According to some answers I found on CV (e.g. here), a model with a beta-distribution family could be used to model the relationship between my variables. However, considering that my dependent variable is fairly skewed and that I have a small sample size ($n$ = 98), I was wondering:

  1. If a model with a beta-distributed response would be the most appropriate option here? (Provided that I transform my DV so as to lie between 0 and 1, but with no 0 and no 1, right?)
  2. If there was a sort of rule of thumb regarding the minimum number of observations per predictor possibly included in this type of model?
Fanfoué
  • 353
  • 1
  • 13
  • 4
    I don't follow why small sample size would be any more (or any less) of a problem with your proposed approach than with any other. If the limits of 0 and 10 are attainable in principle, and certainly if either limit is attained in practice, I would tend to use binomial family as a reference here. Just make sure that your software uses suitable standard error and P-value calculations. When you say "continuous", does that mean that _any_ non-integer score between 0 and 10 is possible? – Nick Cox Jan 06 '21 at 14:30
  • 2
    Just a small comment about terminology: A beta-regression is not a special case of a generalized linear model (GLM) *sensu stricto.* More on that [here](https://stats.stackexchange.com/questions/304538/why-beta-dirichlet-regression-are-not-considered-generalized-linear-models). – COOLSerdash Jan 06 '21 at 14:43
  • @NickCox Thank you for your comment. Yes, any score between 0 and 10 is possible but 0 are quite rare in practice. I mentioned my sample size with regard to my 2nd question because I think that minimum sample sizes per predictor vary depending on the type of model used: e.g. with _n_ = 98, you could include more predictors in a model with a normal Y than with a binomial Y. Anyway, I'm working with R, would you have any advice regarding the function and packages I should use in this case? – Fanfoué Jan 06 '21 at 16:21
  • Nothing from me on R advice. I am not even a routine R user. If you post some sample data I could show some Stata code and you'd be likely to get good advice on R equivalents. – Nick Cox Jan 06 '21 at 17:14
  • @NickCox I will post my data as soon as I can (I'm still wrangling the data). I ask this question in advance to know where I should start heading. Back to your comment, does that mean that some software use inappropriate SE and p-value calculations by default when running logistic regressions? – Fanfoué Jan 06 '21 at 20:29
  • 1
    I am strongly familar only with `glm` in Stata. There a binomial family (usually with logit link) must be specified with option `vce(robust)` to get half-decent standard errors if the response variable is really continuous. I would be amazed if any other implementation didn't require some such setting. So-called robust standard errors are often named for one or more of Eicker, Huber or White, who all have some claim to publicity on that score. Sandwich is yet another name. – Nick Cox Jan 06 '21 at 20:41

1 Answers1

1

It seems that an ordinal model makes more conceptual sense. A cumulative logit is a standard as is an ordinal logit model (there are slight differences in approaches).

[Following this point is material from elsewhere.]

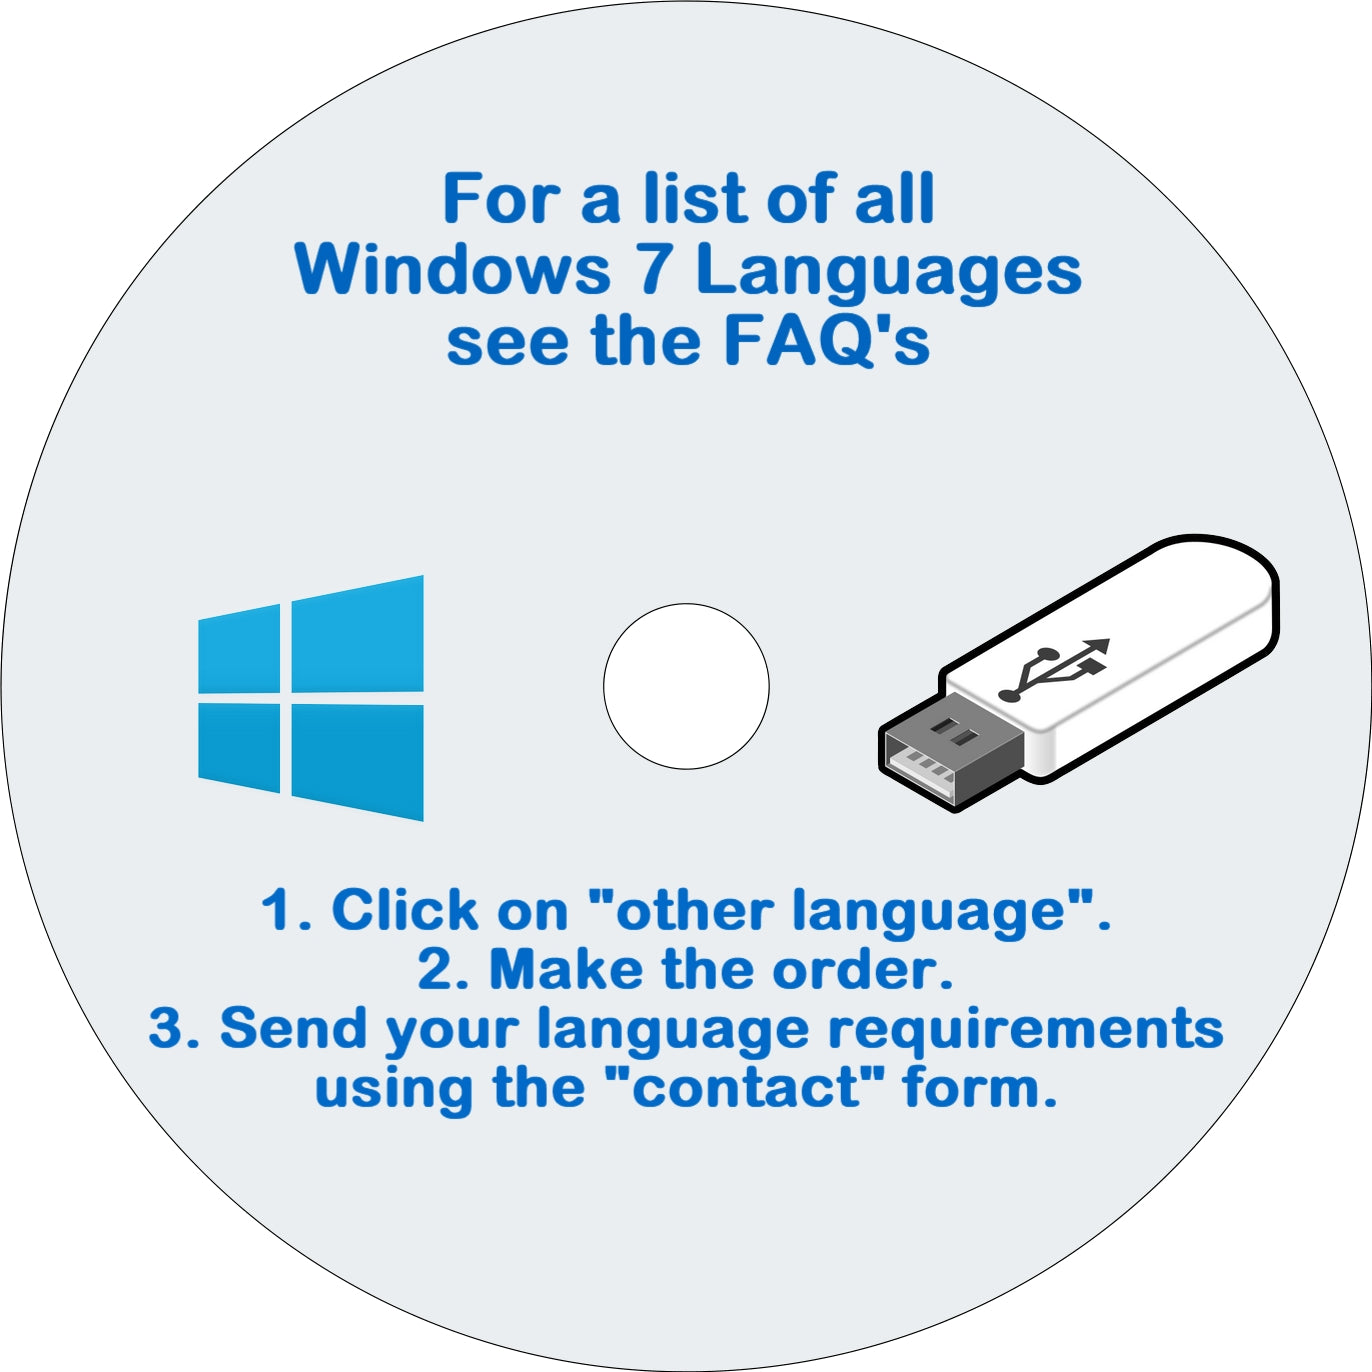 Windows 7 All Versions Disk + USB 32 Bit+64 Bit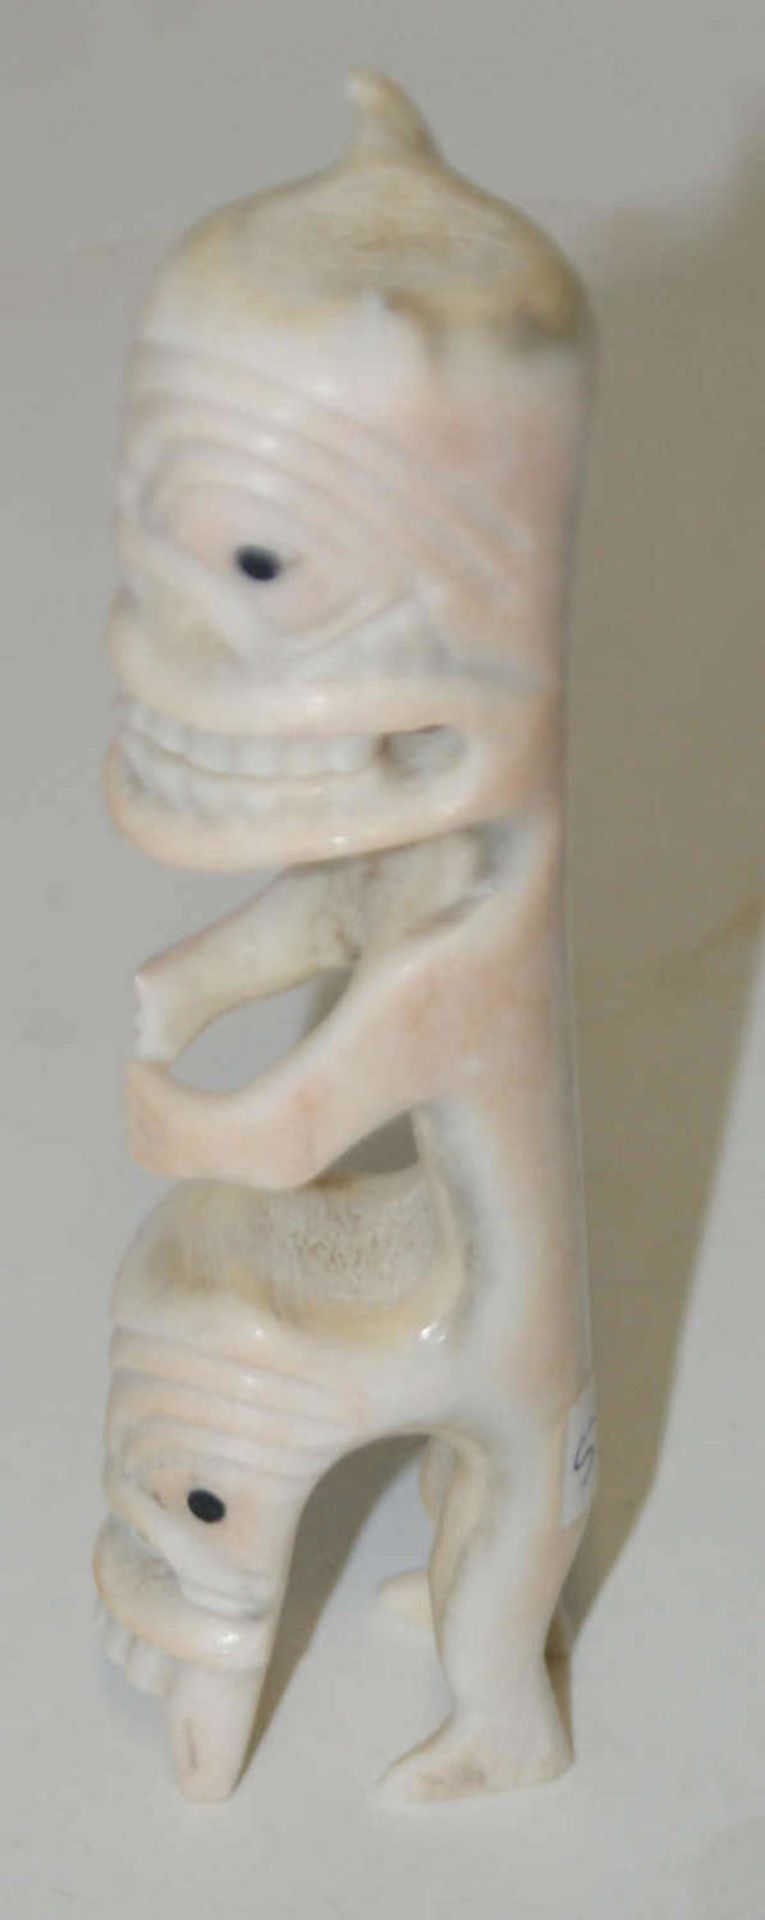 Ältere Knochenfigur, wohl Afrika, Höhe ca. 12 cm. Besichtigung empfohlen. - Bild 2 aus 2

In Harrell's Regression Modeling Strategies, section 4.4 p. 73, the author presents a few considerations for sample size. He says that the number of variables in the model should take into consideration a limiting factor. $p$, the number of variables in the model should be less than $m/20$ where $m$ is the limiting factor.

Just for clarification, in the case of a continuous variable, $m$ is the total sample size, so with 100 in the sample, a model should have at most 5 parameters estimated. Remember that a categorical variable with 7 categories entails 7-1 parameters estimated.

For the case of an ordinal outcome, the sample limiting factor $m$ is given by:

$$ n - \frac{1}{n^2} \sum_{i=1}^{k} n_i^3 $$

where there are $k$ categories in your outcome and $n_i$ is the sample size of category $i=1,...,k$.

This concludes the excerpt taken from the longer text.